Although cybersecurity has been present in business strategies for years, the challenges to be overcome are still numerous. According to the report Global Digital Trust Insights 2025 prepared by PwC77% of companies (both globally and in Spain) expect their cybersecurity budget to increase over the next year. However, the survey, which polled 4,042 business and technology executives from 77 countries (including 146 in Spain), shows that so far only 2% of companies surveyed have implemented a global “cyber-resilience” strategyit is what allows an organization to prevent, resist, and recover from cybersecurity incidents.
Aware of the need to strengthen the cybersecurity strategy In companies, in the short term, managers have decided to continue to significantly increase investments in the 2025 budget. Concretely, 30% of organizations anticipate that their cybersecurity budget will increase. between 6% and 10% next year. In fact, one in five people (20%) have plans to increase its cybersecurity budget by 11% or more in the next fiscal year.
Among the strategic priorities that leaders have set for the next 12 months, 36% of leaders emphasize that they intend to work on reducing deadlines. response to cyber incidentsas well as growing confidence in the ability to manage threats (mentioned 31% of those surveyed) and improving the customer and employee experience (30%).
The managers interviewed also believe that measuring Cyber risk will be crucial for prioritizing cybersecurity investments: This is what 88% of managers around the world and 93% in Spain say. For 87% of executives (81% in Spain), it will also be essential to allocate resources to the areas of greatest risk. However, only 15% of organizations (13% in Spain) recognizes that it does so effectively. Scope uncertainty, as well as problems related to data and information processing, top the list of obstacles to the implementation of cyber risk quantification, as does lack of confidence in the reliability of quantification results.
How much does a cybersecurity incident cost?
The cost of a cybersecurity incident is very high: 25% of executives surveyed admit to having experienced a problem of this type in the last three years that cost their organization at least a million dollars. (920,000 euros). On average, A cybersecurity incident costs businesses $3.32 million (€3.06 million).
Cybersecurity, among the three biggest concerns of managers. The PwC survey also reveals that 66% of technology leaders and 48% of business executives rank cybersecurity among their top three concerns over the years. the next 12 monthswhich underlines the critical importance of its management, for which the role of the CISO and the security function is key.

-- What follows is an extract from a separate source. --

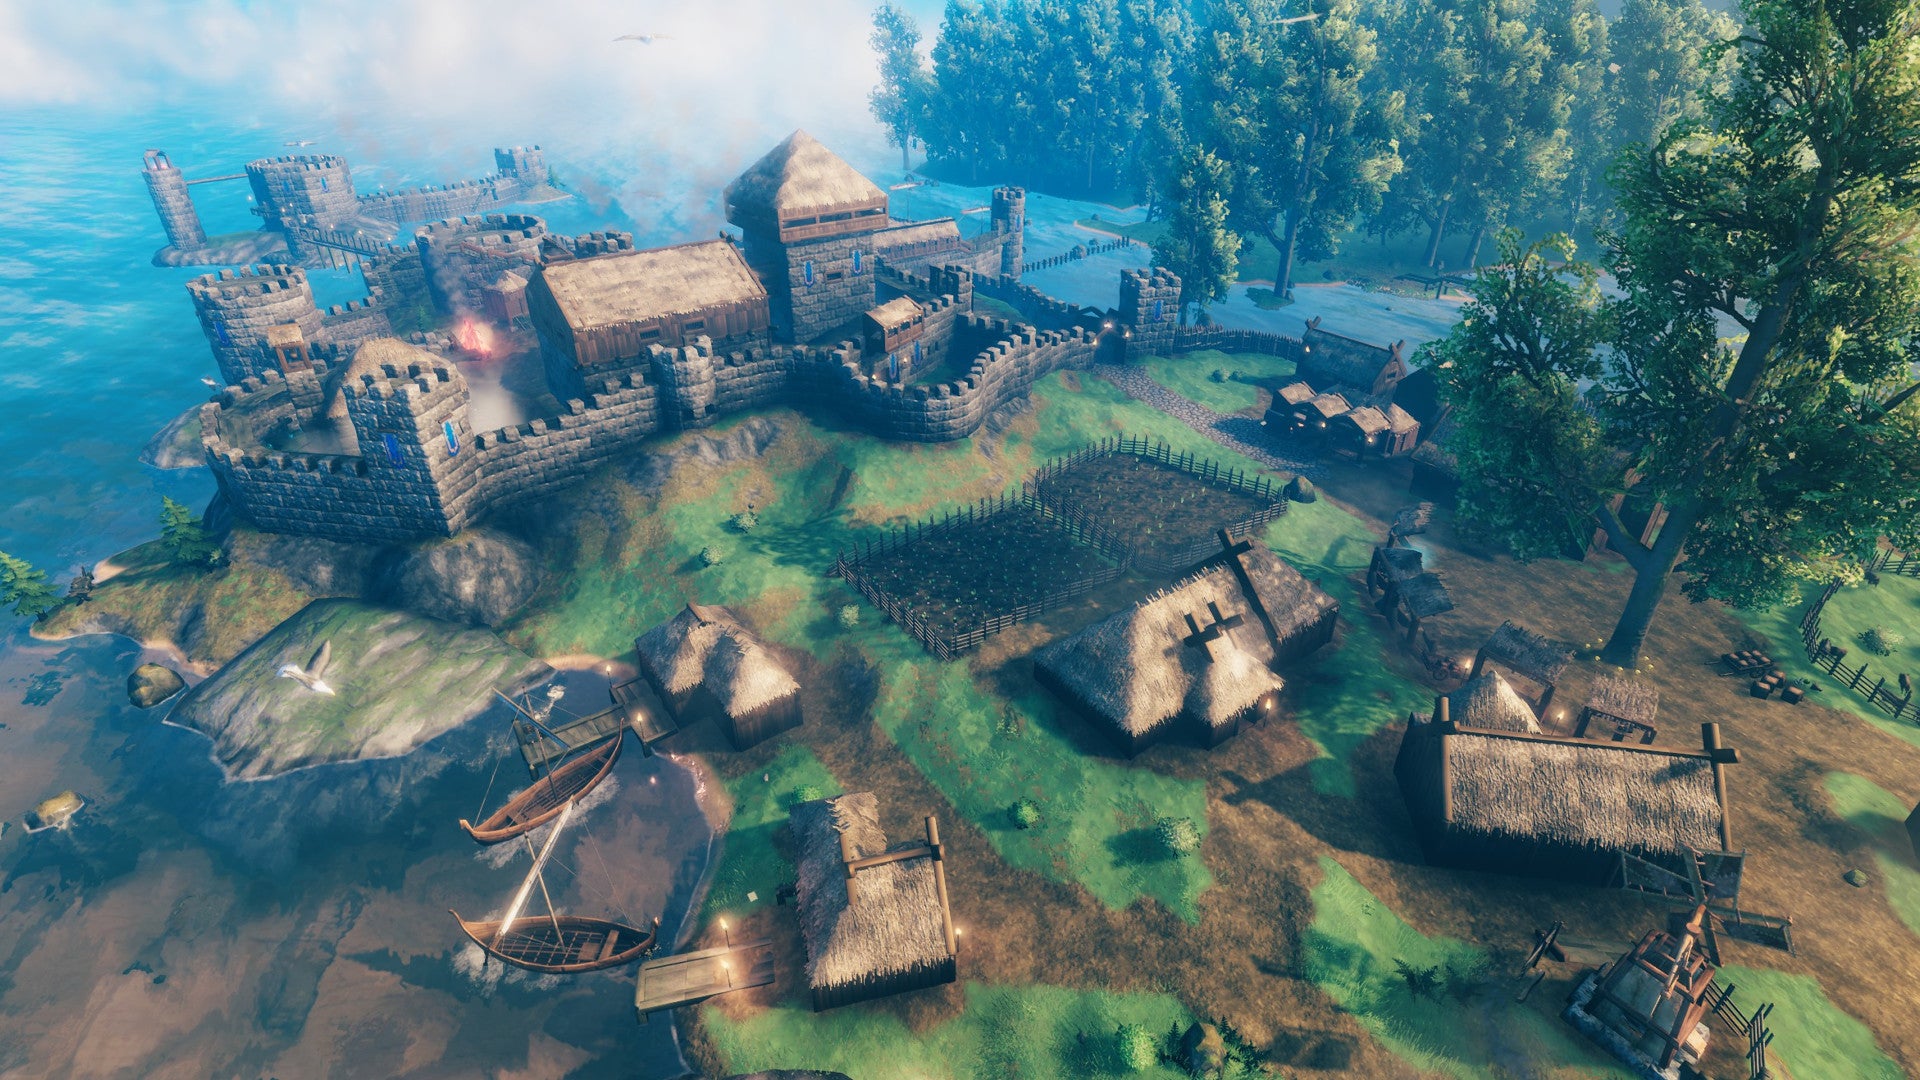 Une capture d'écran de Valheim d'une vaste colonie avec plusieurs maisons, murs et fermes, vue d'un point de vue aérien.

According to this year’s survey, Top 4 Cybersecurity Threats Executives Fear Most — those related to the cloud (42%), hacking and breach operations (38%), third-party security breaches (35%) and attacks on connected products (33%) — are the same as those to which security leaders feel less prepared. advice.
Generative AI: transforming risk into opportunity
Rapid advances in generative artificial intelligence (GenAI) are creating new opportunities for businesses, but they are also opening new gaps in cybersecurity. Seven in ten executives (67% globally and 69% in Spain) highlight that AI has significantly expanded the attack surface over the past year, increasing the vulnerable perimeter of their business. Something similar happens with cloud technology or cloud platforms, which are mentioned by 66% of executives worldwide and 72% in Spain. In the same vein, according to the latest Global CEO Survey carried out by PwC, it was highlighted that 64% of managers worldwide agree that generative AI will increase the cybersecurity risk in the organization.
One of the main concerns businesses have regarding the use of AI is that this technology can enable less sophisticated cyber threatsthrough effective phishing attacks and large-scale deepfakes. Additionally, businesses fear that through AI, cybercriminals can compromise their data integrity and privacy. They also fear having to deal with more regulatory compliance, as regulatory obligations on AI multiply. Recognizing the strategic importance of this new technology, 78% of business leaders have increased their investments in generative AI over the past 12 months. Along the same lines, 72% have increased their investments in managing government risks related to artificial intelligence.
For Jesús Romero, partner responsible for enterprise security solutions at PwC“The survey reveals that while cybersecurity maturity continues to evolve in large organizations, significant challenges remain and must still be addressed to ensure cyber resilience, due to an ever-expanding exposure footprint, driven by increasing reliance on the cloud, advances in AI, interconnected devices and the complexity of supply chains. Our report includes, among other interesting aspects, what these challenges are for the main Spanish and global organizations, and how they hope to face them over the next year.